Taytay Integrated School (formerly known as Taytay National High School) is a public high school in Taytay, Rizal, Philippines. The school situated at Zloty St., Meralco Village of Barangay San Juan, was established in 1994.

== Programs in Taytay Integrated School ==
Special Science Program, a class from Junior High School that focuses on nurturing students ability and skills in science.
'Special Program in the Arts', a special program for students that wants to develop artistic skills.
Regular Class, classes of Junior High School.
Senior High School Programs, the school offers multiple track and cluster in SHS Curriculum.

== Other Public Secondary Schools ==
Taytay Integrated School - TIS extensions consist of the following schools: Antonio C. Esguerra Memorial National High School, Benjamin B. Esguerra Memorial National High School, Casimiro A. Ynares Sr. Memorial National High School, Muzon National High School, Manuel I. Santos Integrated School and Simona National High School in random naming.

== Transition to the Integrated School Institution ==
In 2025, Taytay Integrated School announced their name change from their former name Taytay National High School for the first time in 30 years after their 1995 transition from their original name, Taytay Municipal High School.

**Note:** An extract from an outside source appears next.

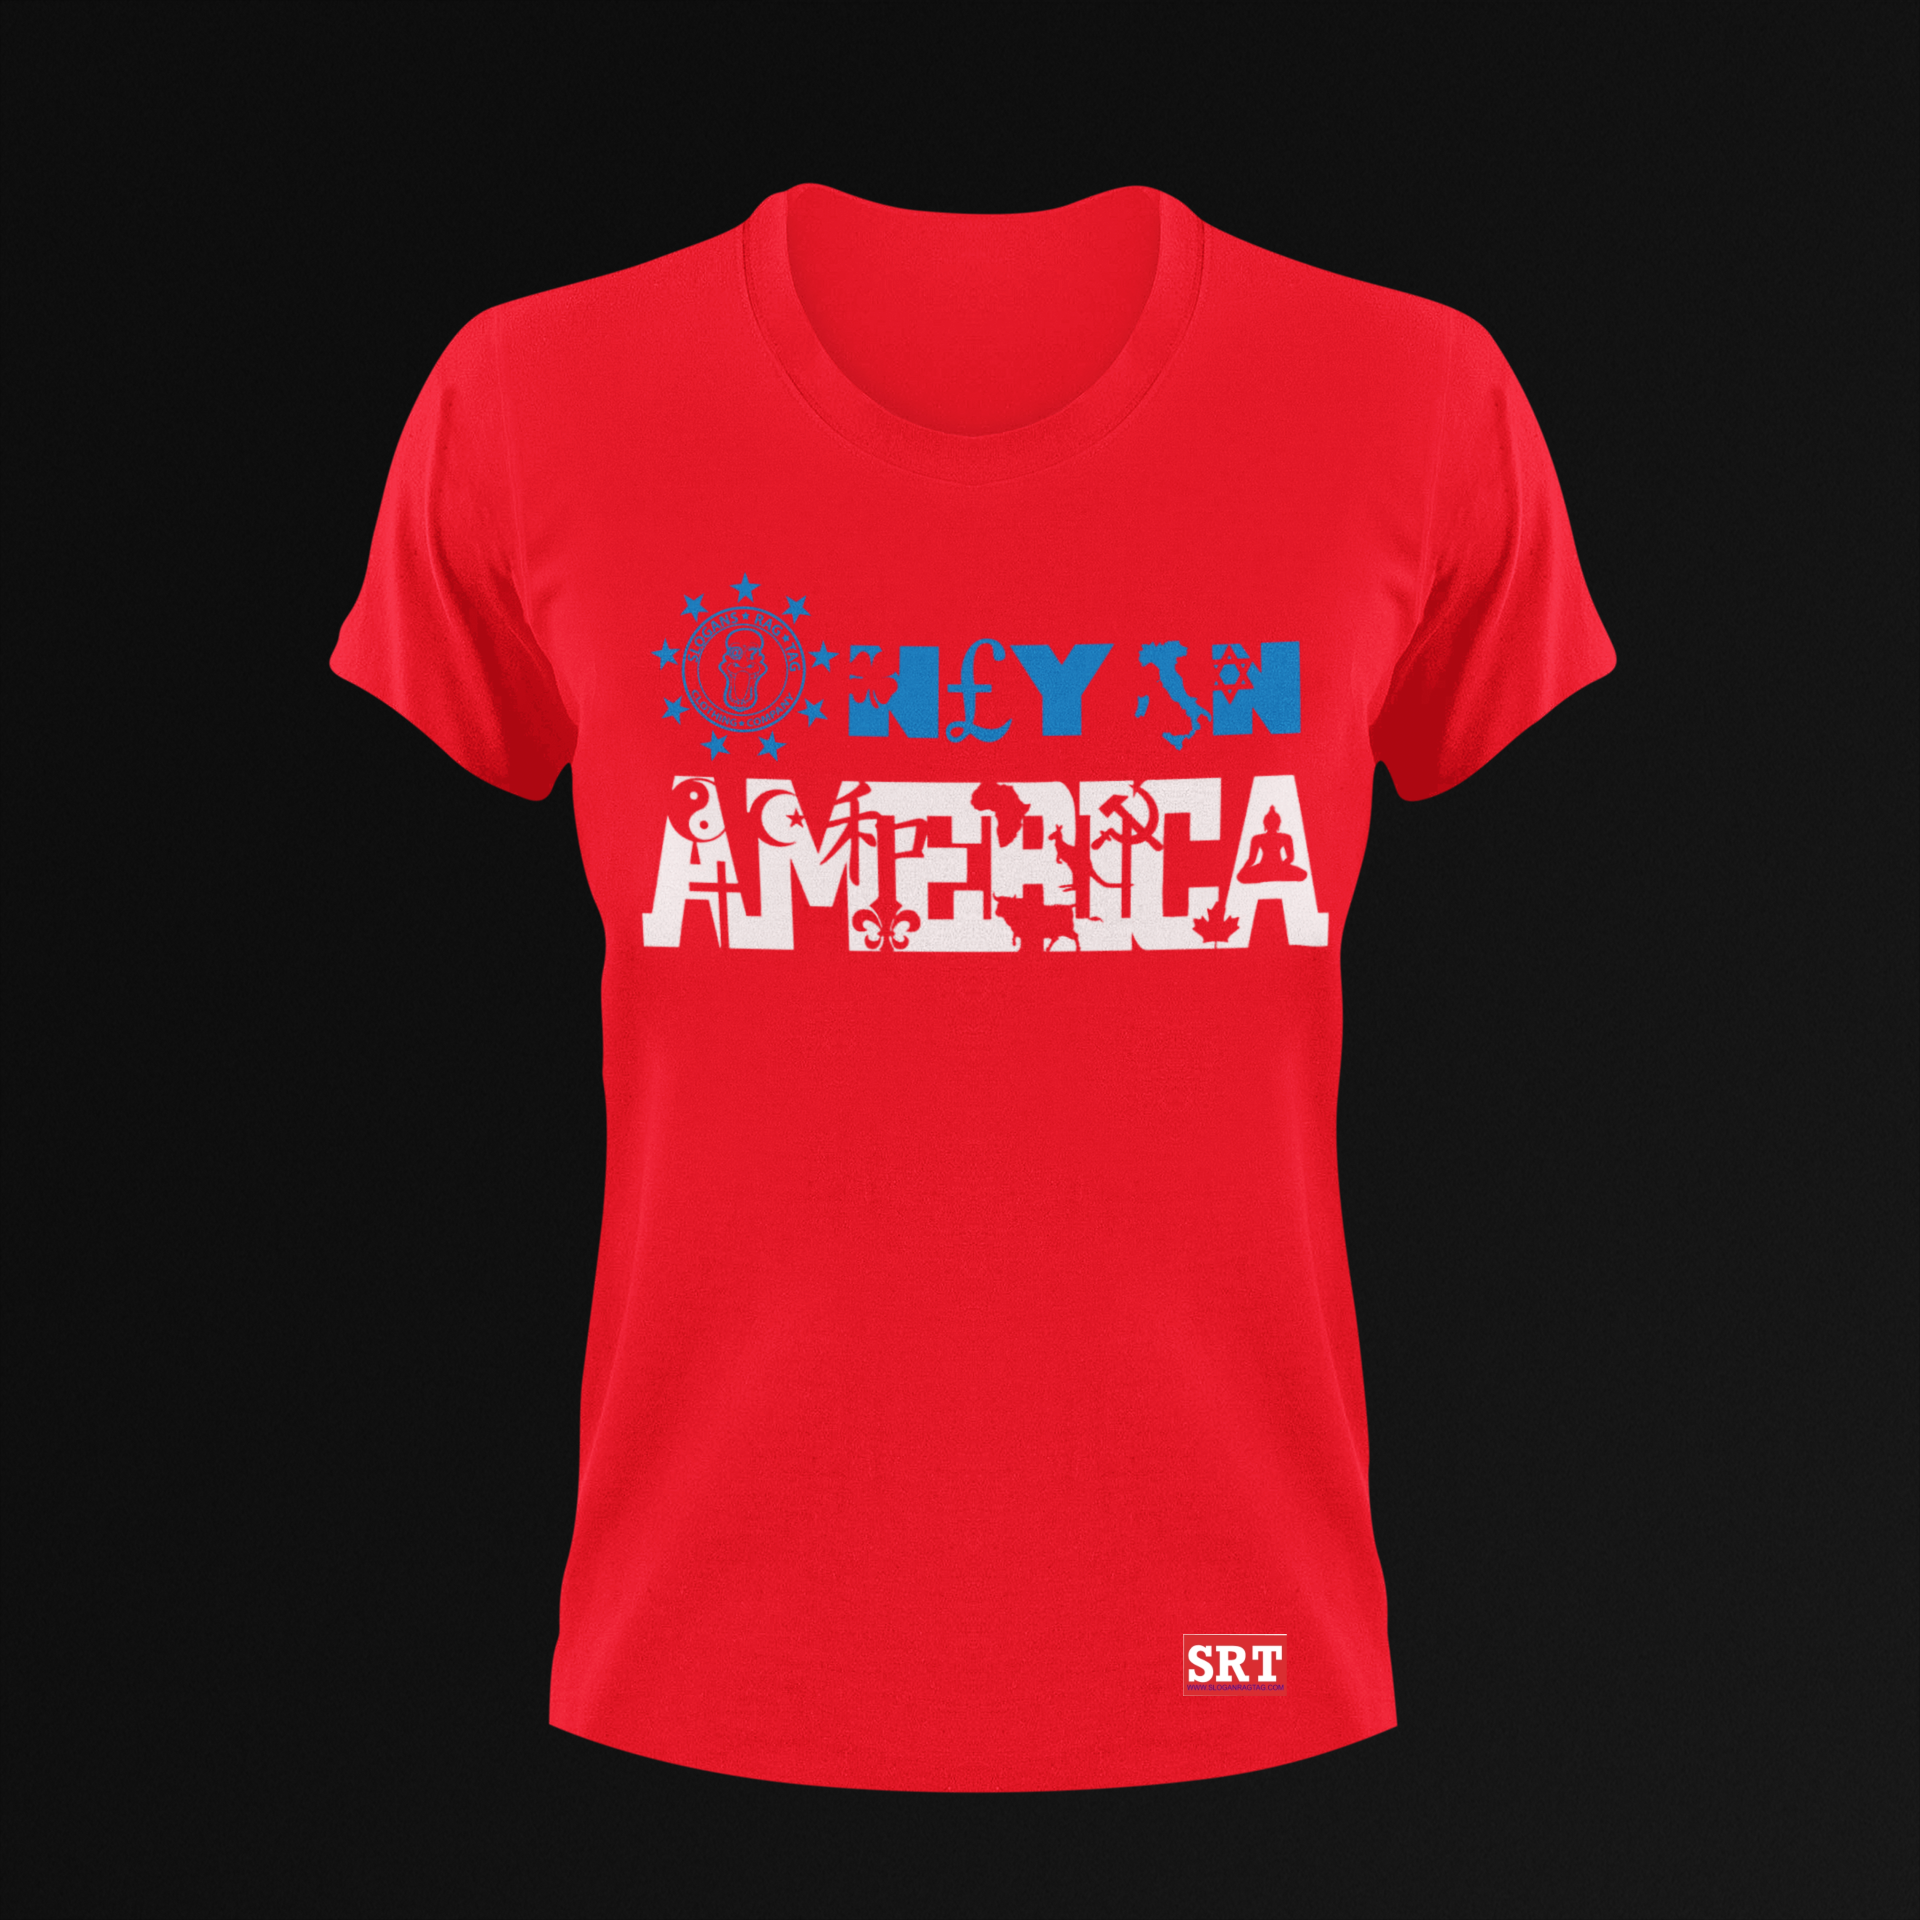 Only in America Men's T-Shirt

This change is a part of DepEd's Memorandum No. 184, Series of 2023's inclusion of schools to be part under the Special Program for Science, Technology, Engineering and Mathematics (SPSTEM), along with some of the mentioned school. In which, the Legislative Index of Municipality of Taytay has approved the change under the Resolution No. 413, Series of 2024 to support the transition of the campus, establishing the institution as Taytay Integrated School (TIS). With the change, the campus has introduced the Senior High School Curriculum as a part of the transition.